President Barack Obama said Monday that he will not leave his legacy as the nation’s first black president.
“No way I am leaving my presidency with the legacy of the greatest presidency of our generation,” Obama told supporters at a campaign rally in Detroit.
“That is my legacy.”
Obama, who is 78, said his campaign has “the momentum” to win the White House in November.
He made the remarks in a victory speech Monday evening.
He has faced persistent criticism for his handling of the police shooting of Michael Brown in Ferguson, Missouri, and for failing to address the systemic racism in the U.S. justice system.
The president said Monday he has learned from his mistakes and that he is not alone in his disappointment with the country’s response to the Ferguson protests.
“I think I’ve learned from it,” Obama said.
“And that’s one of the reasons why we have this energy in the United State right now.
And the same is true of police departments across this country. “
It’s because of all of the good people in this country who have stepped up and helped make sure that this country doesn’t just stay the same.
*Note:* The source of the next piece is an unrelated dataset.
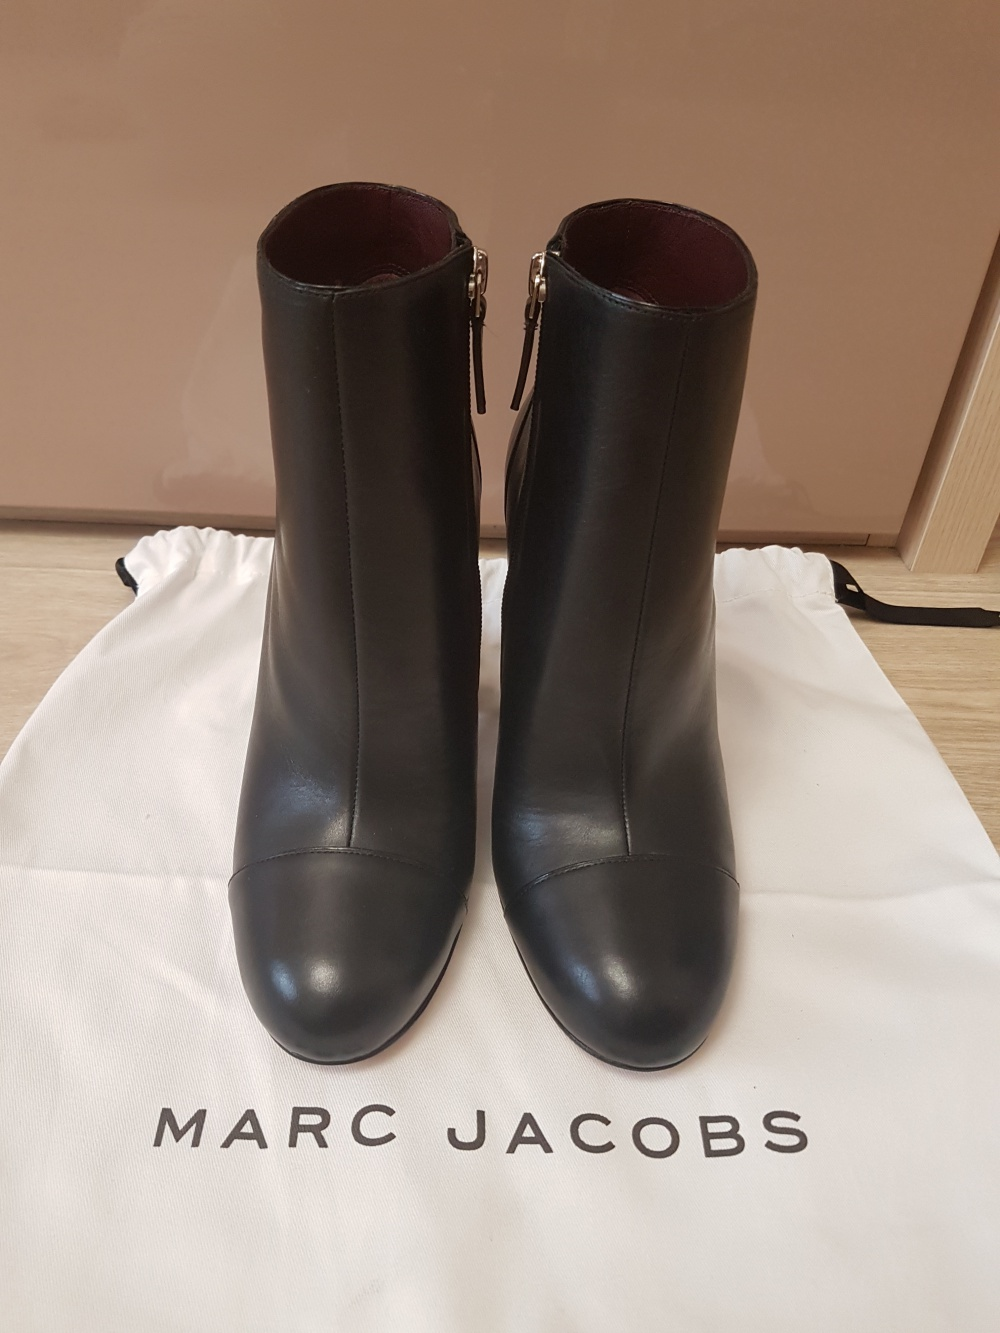 Сапожки (ботильоны) Marc Jacobs, размер 39

Obama said he wants to be remembered as “a president who started from a place of hope, a president who fought for justice and equality.” “
You know, in the aftermath of the Michael Brown case, the Black Lives Matter movement, people saying, this is our moment, this should be our time, we need to have a conversation about race, we’ve got to start making real change.”
Obama said he wants to be remembered as “a president who started from a place of hope, a president who fought for justice and equality.”
Obama won re-election in November, but the country has been left reeling after protests over the death of Eric Garner, an unarmed black man, in New York City, as well as over police violence against black Americans.